Downing Street Years - Margaret Thatcher [105]
* Our three-month rate was 13 per cent. By contrast, interest rates in the US stood at 18 per cent and in France, Italy and Canada between 18 and 20 per cent. German interest rates, at a nominal 13 per cent, were very high indeed in real terms — and still the deutschmark had depreciated by between 40 and 45 per cent against the US dollar in the previous twelve months.
CHAPTER VII
The Falklands War: Follow the Fleet
The attempts by diplomacy and the sending of the task force to regain the Falkland Islands — to the end of April 1982
BACKGROUND
Nothing remains more vividly in my mind, looking back on my years in No. 10, than the eleven weeks in the spring of 1982 when Britain fought and won the Falklands War. Much was at stake: what we were fighting for eight thousand miles away in the South Atlantic was not only the territory and the people of the Falklands, important though they were. We were defending our honour as a nation, and principles of fundamental importance to the whole world — above all, that aggressors should never succeed and that international law should prevail over the use of force. The war was very sudden. No one predicted the Argentine invasion more than a few hours in advance, though many predicted it in retrospect. When I became Prime Minister I never thought that I would have to order British troops into combat and I do not think I have ever lived so tensely or intensely as during the whole of that time.
The significance of the Falklands War was enormous, both for Britain’s self-confidence and for our standing in the world. Since the Suez fiasco in 1956, British foreign policy had been one long retreat. The tacit assumption made by British and foreign governments alike was that our world role was doomed steadily to diminish. We had come to be seen by both friends and enemies as a nation which lacked the will and the capability to defend its interests in peace, let alone in war. Victory in the Falklands changed that. Everywhere I went after the war, Britain’s name meant something more than it had. The war also had real importance in relations between East and West: years later I was told by a Russian general that the Soviets had been firmly convinced that we would not fight for the Falklands, and that if we did fight we would lose. We proved them wrong on both counts, and they did not forget the fact.

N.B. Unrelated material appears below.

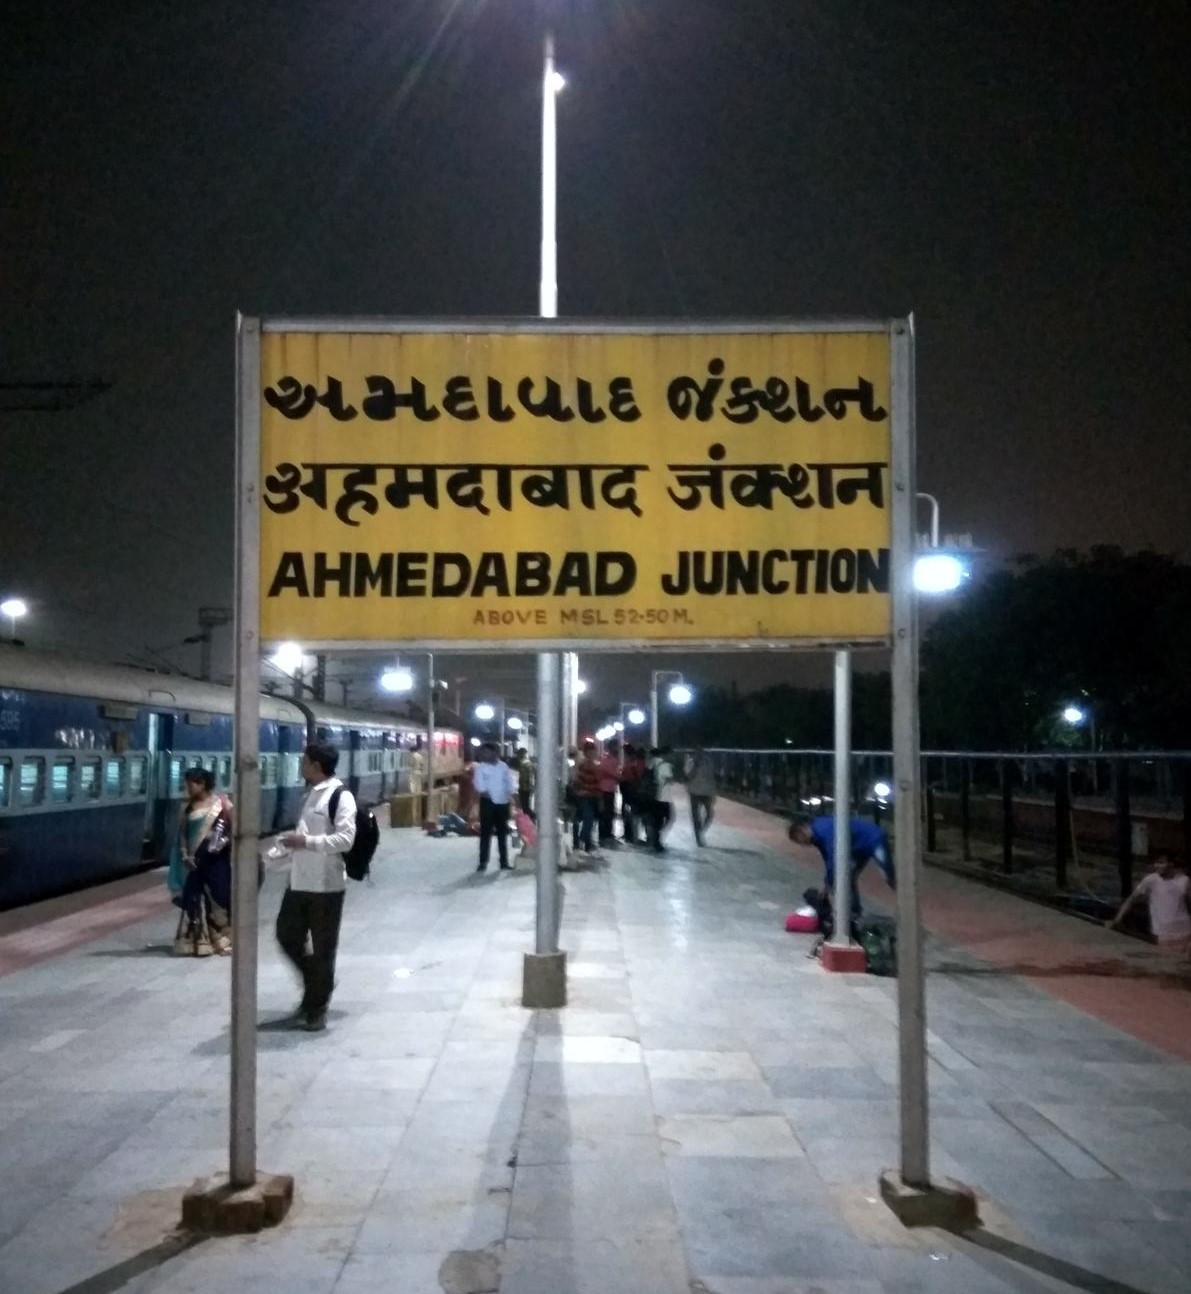 ahmedabad rly station-1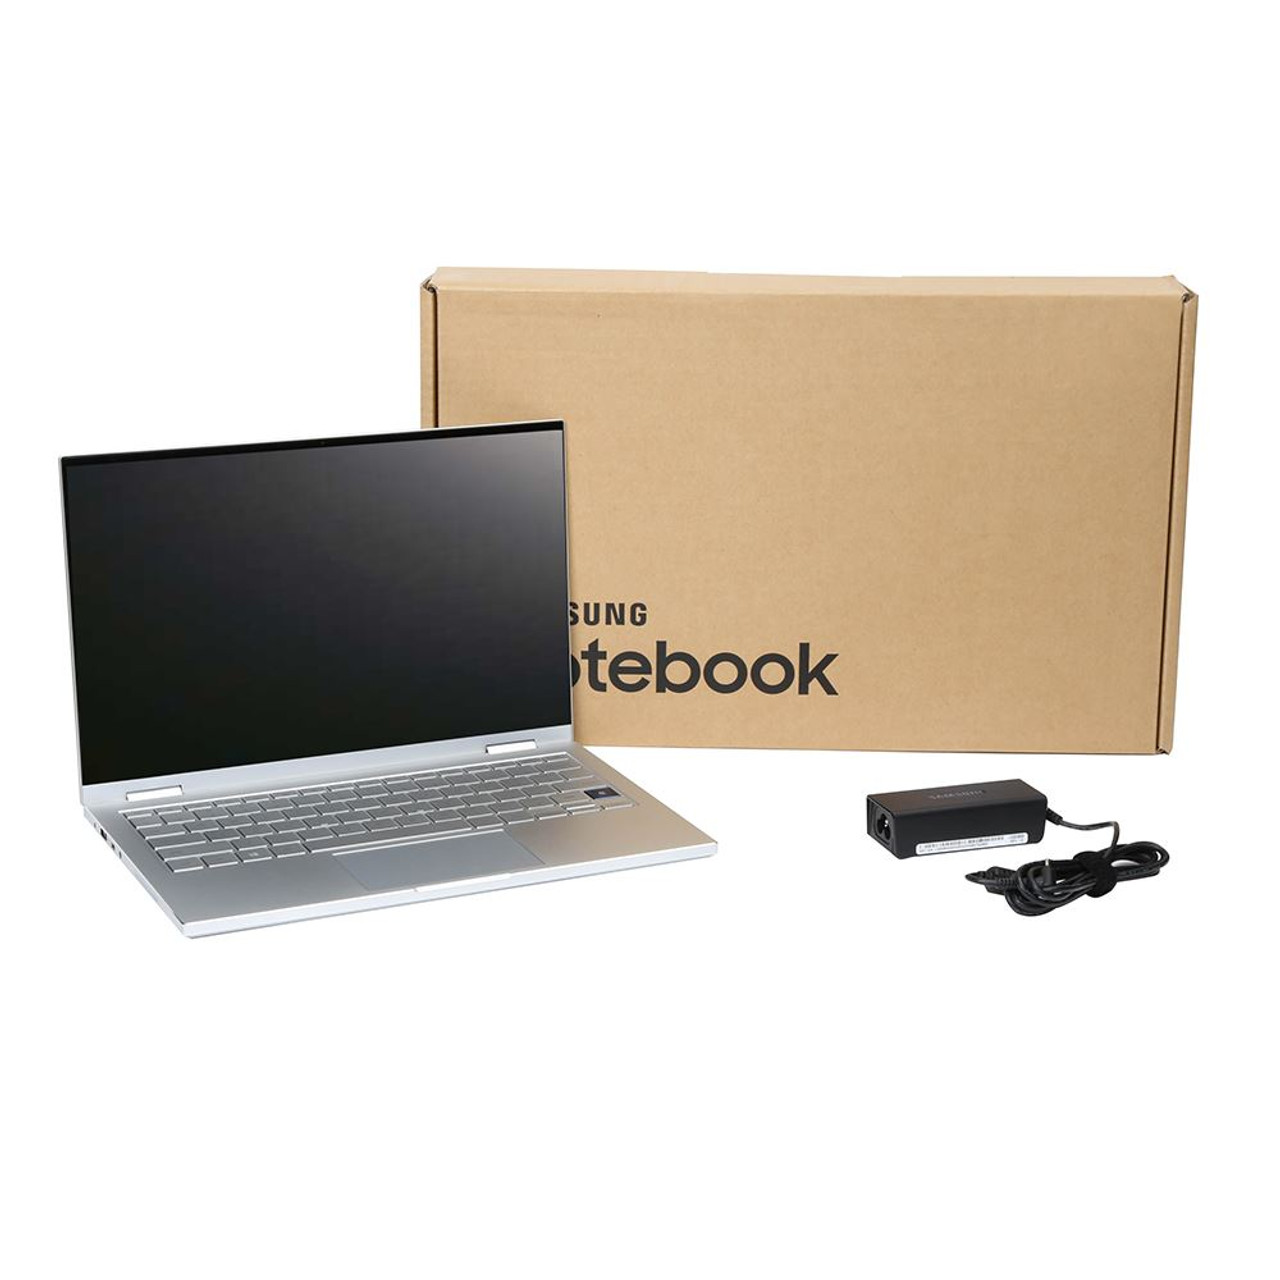 Samsung Galaxy Book Flex a 2-in-1 13.3 Laptop Computer - Silver Intel Core i5-10210U Processor 1.6GHz; 8GB RAM; 256GB Solid State Drive; Intel UHD Graphics

Beginning in the summer of 1982, only weeks after the war, I wrote down my detailed recollection of events as I had lived through them at the centre of government. I finished the story at Chequers over Easter 1983. It was still etched in my mind, and I had all the records to hand. The task took some time to complete; it is a long and complicated story. Parts of it will have to remain secret for a considerable time to come, but it is upon my personal memoir that I have based this account.
The first recorded landing on the Falklands was made in 1690 by British sailors, who named the channel between the two principal islands ‘Falkland’s Sound’ in honour of the Treasurer of the Navy, Viscount Falkland.